Virus « chimériques » et armes biologiques

Face à cette nouvelle préoccupation du monde vivant, les nouvelles biotechnologies rassurent quand elles permettent d’obtenir rapidement un vaccin contre le CoV-2. Mais elles inquiètent aussi : avec des techniques de manipulations innovantes et la possibilité de commander des gènes synthétiques, elles permettent de changer l’ADN ou l’ARN des virus. La biologie de synthèse a de fait révolutionné le travail sur les virus et pose des questions de sécurité.

« Elle permet de fabriquer un virus juste à partir de sa séquence génétique, précise Étienne Decroly. Cette évolution améliore la compréhension des virus et la capacité à trouver des médicaments. Mais elle implique également des risques. En 2012, deux laboratoires américains et hollandais ont génétiquement transformé des virus de grippe aviaire pour les rendre très contagieux par aérosols.

Il s’agissait d’étudier les mutations jouant un rôle clef dans  la transmission et la pathogénèse de virus (la façon dont ils rendent malade, ndlr) pour pouvoir surveiller et prévenir des risques de pandémie.
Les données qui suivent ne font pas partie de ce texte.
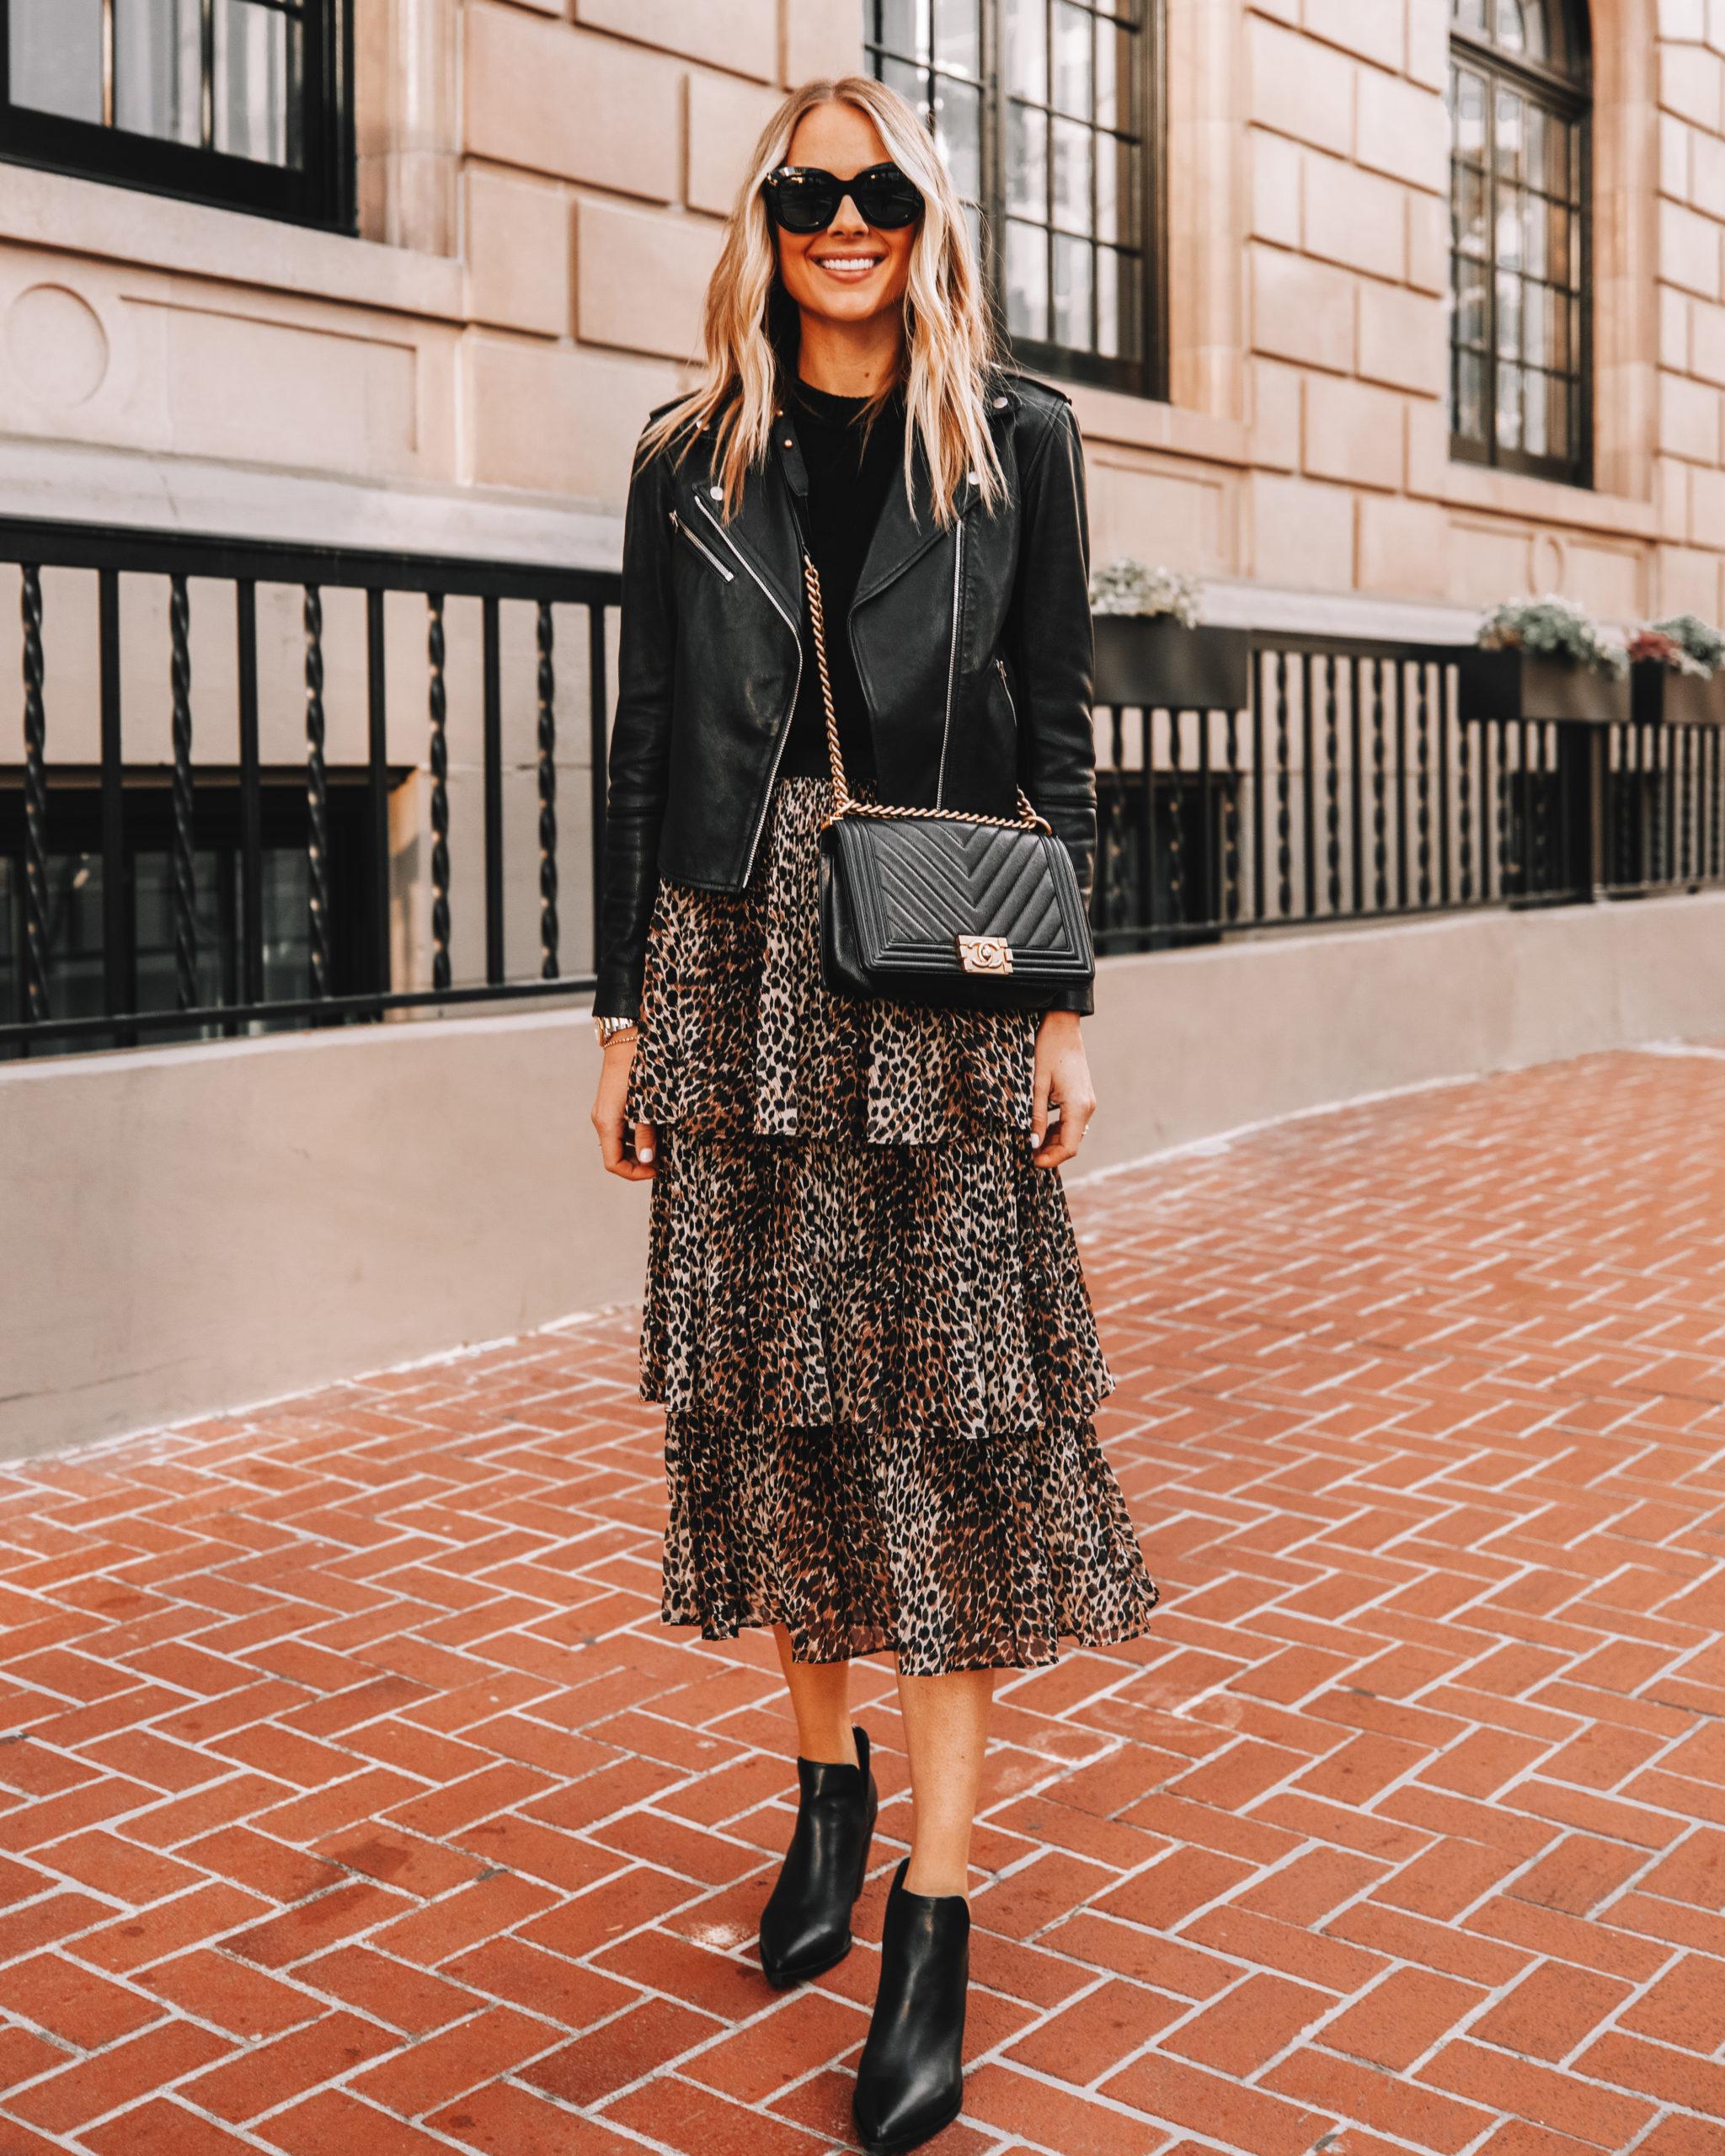 Fashion Jackson Wearing Black Leather Jacket Black Leopard Midi Skirt Black Booties Black Chanel Boy Bag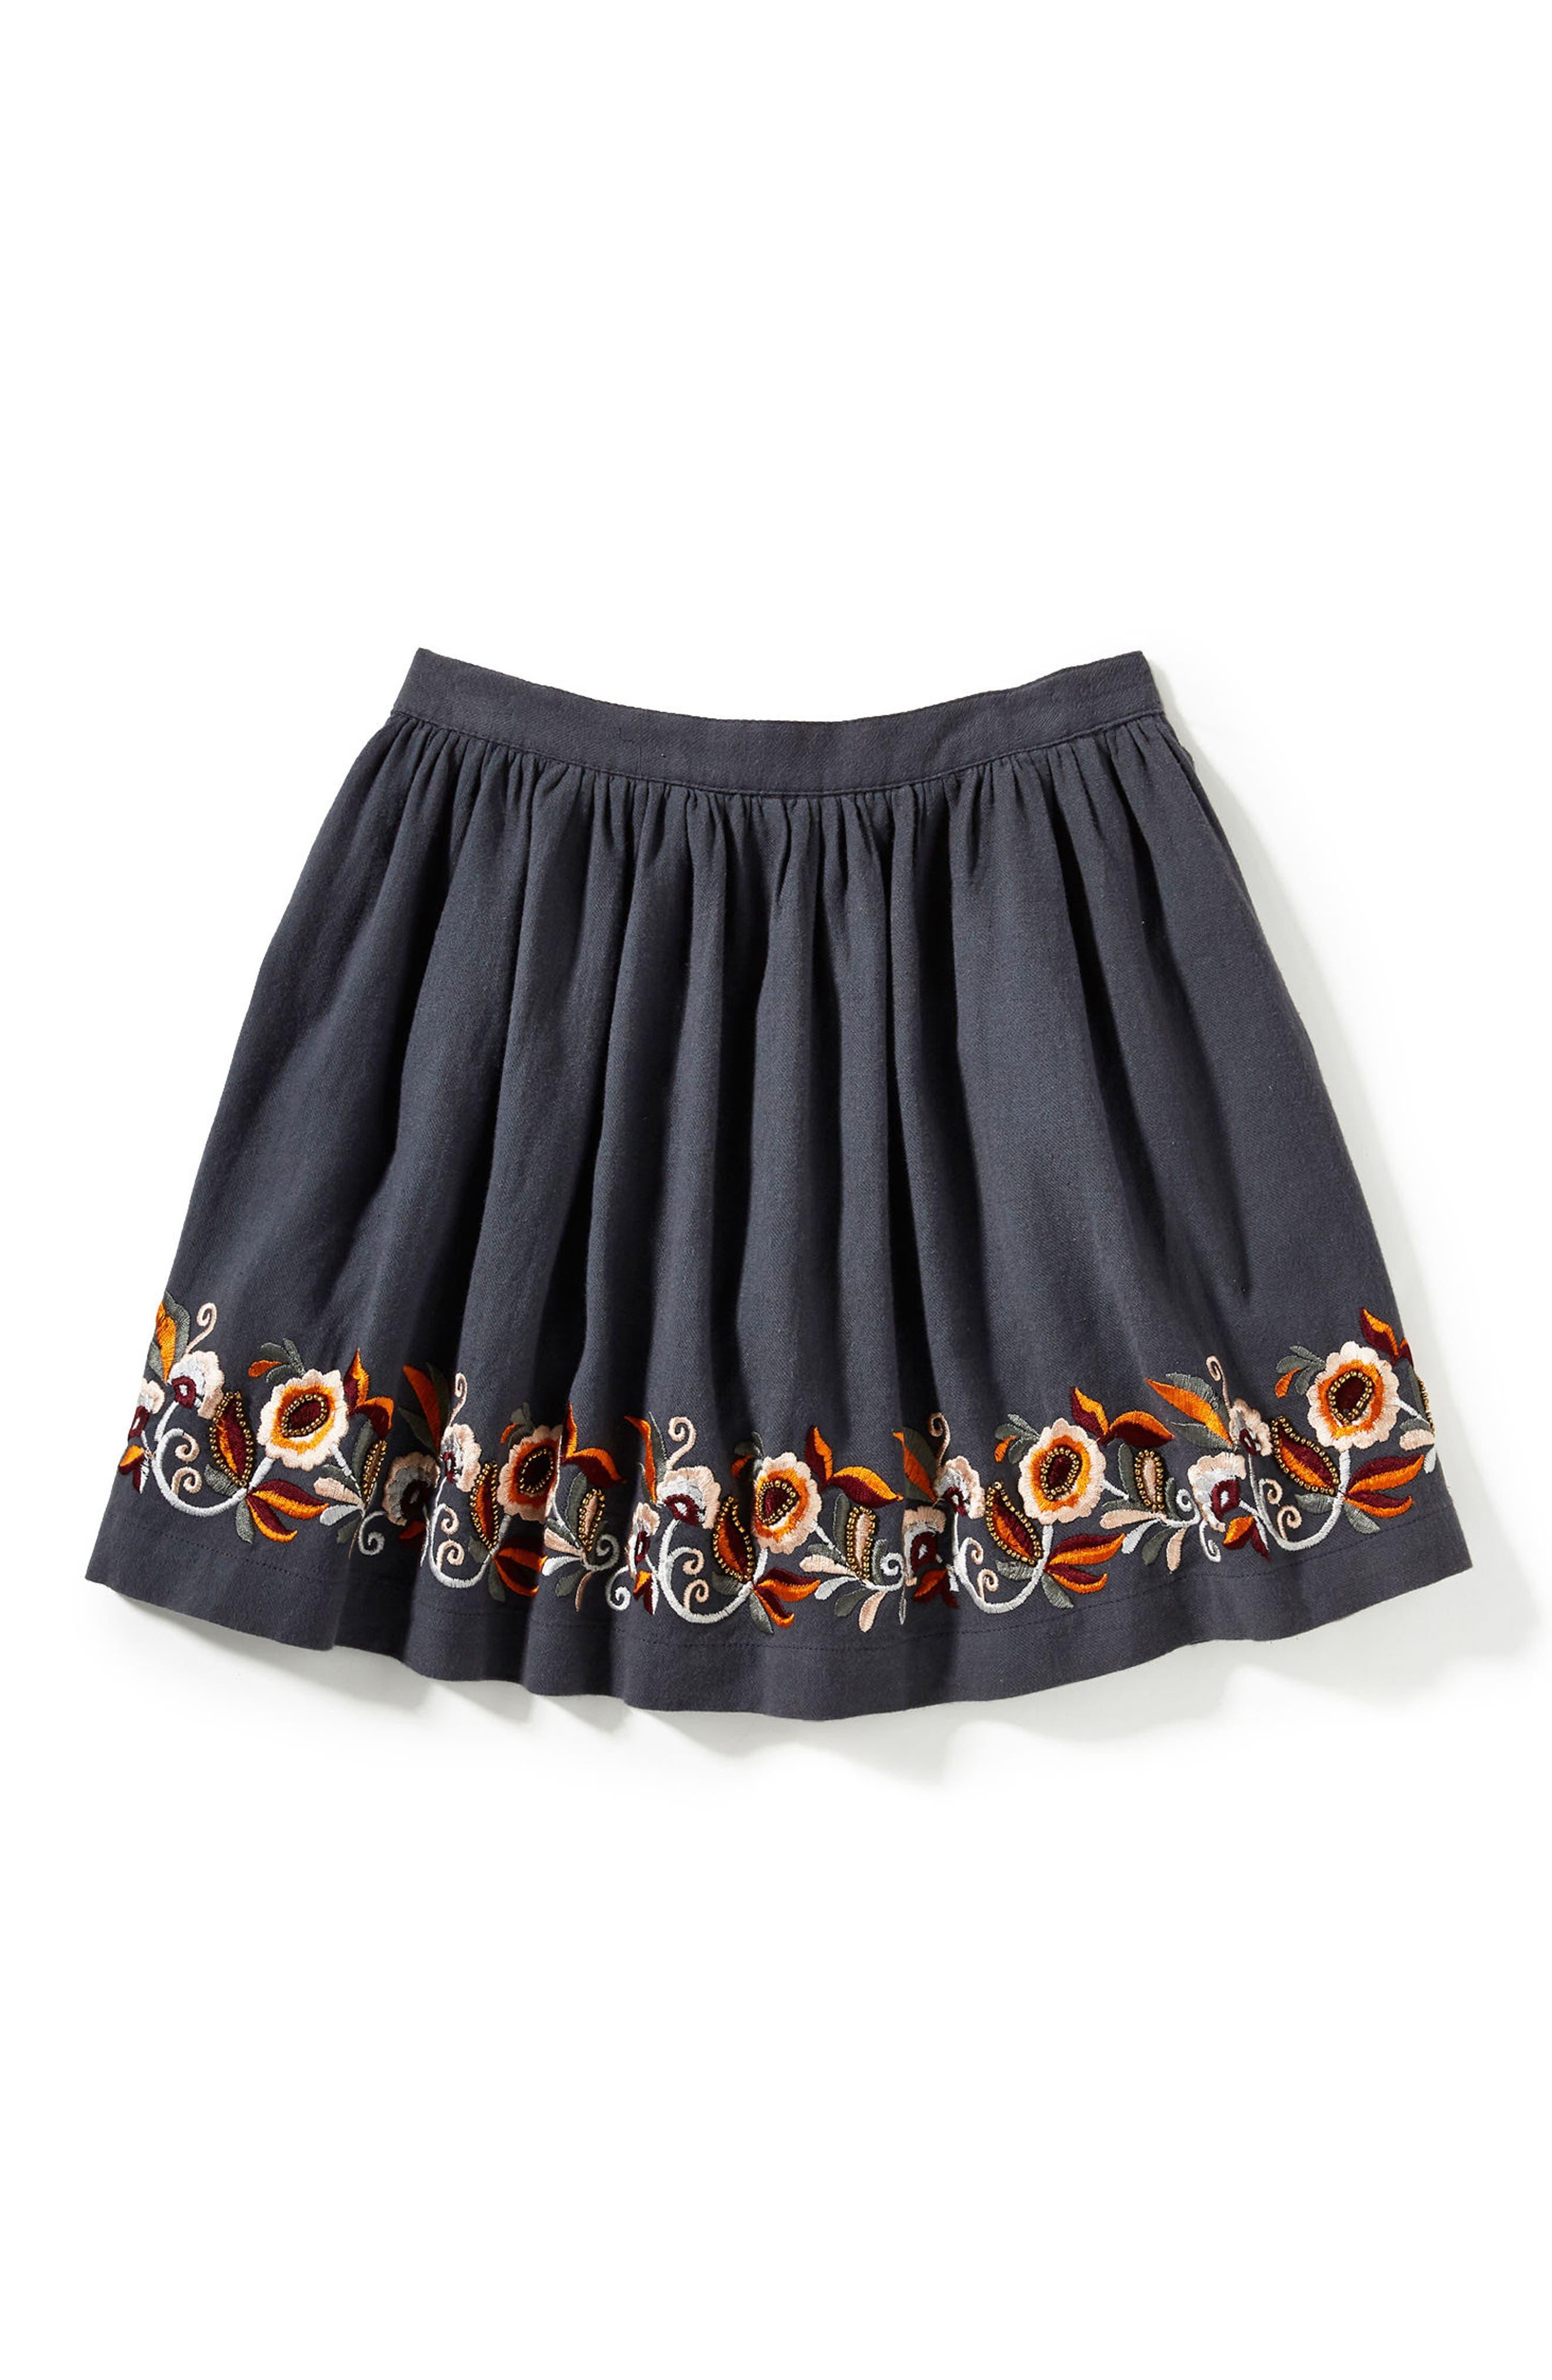 Alternate Image 1 Selected - Peek Claire Embroidered Skirt (Toddler Girls, Little Girls & Big Girls)

Mais ces expériences ont fabriqué des virus de grippe potentiellement dangereux… Comment prévoir la trajectoire d’un virus construit en laboratoire si il s’échappait des laboratoires de sécurité ? »

Pour l’expert, ce type de recherche visant a modifier des virus n’est pas à bannir, car elle permettrait de comprendre comment les virus se répliquent et de développer des traitements novateurs ou des vaccin. Toutefois elles sont particulièrement à risque lorsque l’on travail sur des virus respiratoires à potentiel pandémiques. Il convient donc de bien réfléchir aux conditions de sécurité et aux moyens d’encadrer ces pratiques.